Когда она заканчивает осматривать меня, то смотрит вниз на свои пальцы и ковыряет красный лак на ногтях.

Я хочу задать ей так много вопросов, не только о том, что она знает о Бене и ситуации, но и о ее семье. Жив ли ее ее отец, есть ли у нее Алекс и Сесиль, в безопасности ли они, осталась ли ее мама в здравом уме? Но я молчу и жду ее. Если она хоть немного похожа на меня, она умирает, чтобы также выяснить кто я такая.

Примерно через полминуты, ее нижняя губа начинает дрожать, и я останавливаюсь, думая, что они, должно быть, сломали ее позвоночник в той тюрьме.

Поворачивая свои слезящиеся глаза ко мне, она говорит, - Таким образом, я предполагаю, что ты та, которую он хотел спасти?

Я не отвечаю. Не потому что я все еще играю установленный молчаливый порядок - ее первые слова просто сказали мне многое - но потом я вспоминаю Бена, сидящего на ее кровати, когда я увидела его в первый раз, и мое горло слишком сжимается, чтобы говорить.

Она фыркает и смотрит в потолок, чтобы не заплакать, и эта схожесть прерывает мое дыхание. Я так делаю. С этим жестом я стала слишком хорошо знакома в течение последних пяти месяцев. - Я знала, что это слишком хорошо, чтобы быть правдой.

– Что произошло? - спрашиваю я, используя свой лучший тихий, спокойной голос, который, наверное, не так уж и хорош. Я никогда не была достаточно мягкой, а в последние несколько дней я была довольно грубой.

– Бен. - она смотрит на дверь и начинает всхлипывать. Ее лицо кривится и слезы падают вниз. Ее тело качается с рыданиями. - Он продолжал говорить мне, что я в безопасности, чтобы я помнила когда мне станет лучше, что все будет в порядке.

Я хочу протянуть руку и предложить ей какое-то утешение - и, может быть, если я была бы дружелюбной, я бы получила больше информации от нее. Кроме того, если она это другая версия меня, то я должна сопоставлять себя с ней, сопереживать или что-то еще. Но я просто не могу заставить себя сделать это.

Прикосновение к ней так или иначе сделало бы ее более настоящей.

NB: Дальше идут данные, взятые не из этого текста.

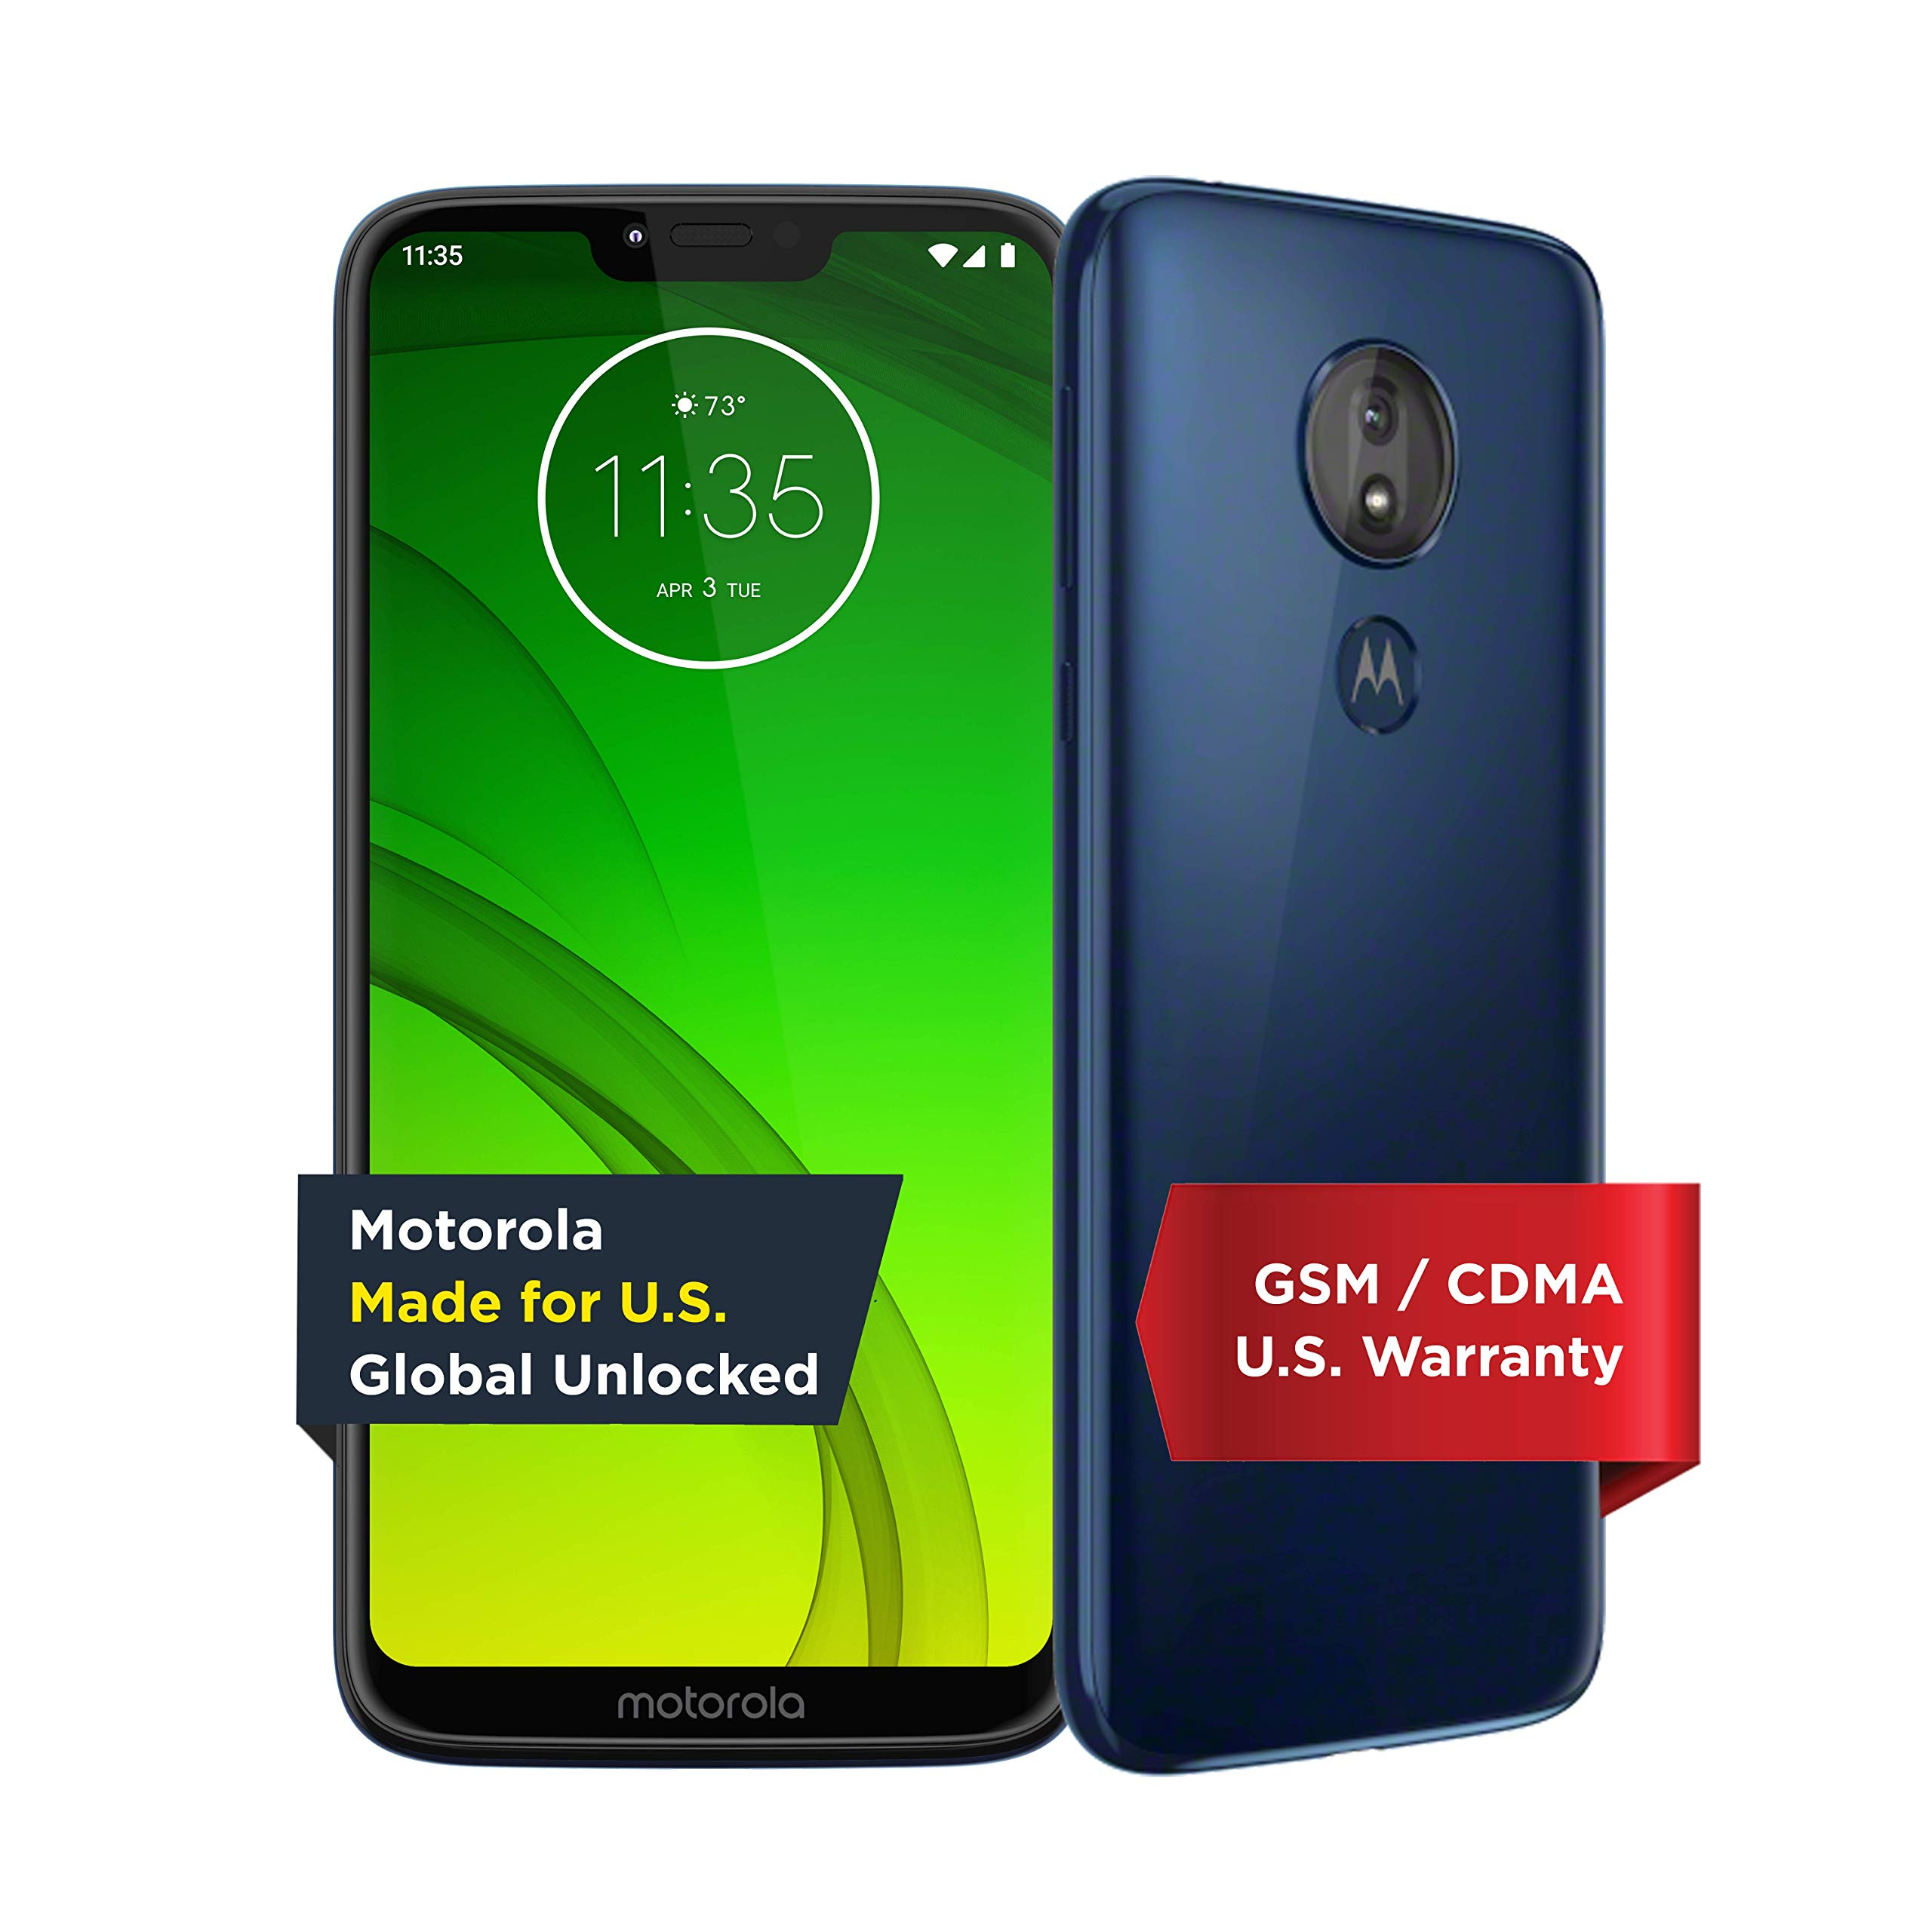 Motorola Moto G7 Power - Unlocked - 32 GB - Marine Blue (US Warranty) - Verizon, AT&T, T-Mobile, Sprint, Boost, Cricket, &...

– Я хотела вспомнить, - говорит она, вытирая глаза, хотя это не приносит никакой пользы. Ее плач слишком трудно остановить. - Он спас меня, и он настолько совершенен. Я люблю звук его голоса и как он спокоен...

Плач становится еще хуже, до того, что она не может говорить. Так что я сижу молча рядом с ней, у меня внутри все сжалось и горит, но я отказываюсь отпускать. У нас нет времени, чтобы сидеть и плакать и плохо себя чувствовать. У нас даже нет времени для меня, чтобы выяснить, что происходит между мной и Беном.

У нас есть проблемы поважнее, и чуть меньше трех дней, чтобы решить их.

– Как я могла забыть кого-то, кто так сильно меня любил?

Кто-то, кто любил меня так.

Я знаю, что Бен сделал все это для меня. Он не вернулся ко мне, потому что за ним следили и он не хотел подвергать опасности меня - и позже он думал, что спасает меня. Это должно значить что-то.

Но я не знаю что.

Потому что вот она, эта девушка, которая не настоящая я, со стильной стрижкой и шрамом от ветряной оспы на лбу, и теперь она плачет над плохо выпавшими картами.

Я плакала больше, чем мне хотелось бы признавать, но я пришла в себя и придумала план исправления, независимо от того, что новая катастрофа просто взорвала мою жизнь. Тогда я сделала это.

Он не видел отличия в ней - как кто-то, кто любит меня, разве он не должен был знать, что она не я?

– Мы все же не в порядке, не так ли?

Я качаю головой. - Нет, мы нет. - я действительно не та, кто ходит вокруг да около.

Она кивает, словно знала это в глубине души, но это только заставляет ее плакать сильнее.

Она знает, что я ее двойник. На основе ее реакции на меня, сомневаюсь, что она когда-либо видела своих двойников прежде, но она знает кто я. Значит она из вселенной, которая имеет широкие знания о путешествиях.

И она либо лучшая актриса, которую я когда-либо видела, либо она вне себя и до смерти боится, что сделает ее ужасным подставным лицом. Так что я собираюсь сказать ей это прямо. - Джаннель, - говорю я, перекатывая слово вокруг своего языка и пытаясь не замечать, как неловко она себя чувствует. - Мне нужно знать, как ты оказалась в той тюрьме. Это важно.

Она кивает, но это требует некоторого времени, чтобы на самом деле успокоиться достаточно, чтобы говорить со мной.

Но когда она это делает, то рассказывает мне все.

Я выхожу из той палаты, зная две вещи наверняка.

Она не подставное лицо АИ.

И как только вы пропустите как сильно мы похожи друг на друга, она не такая как я.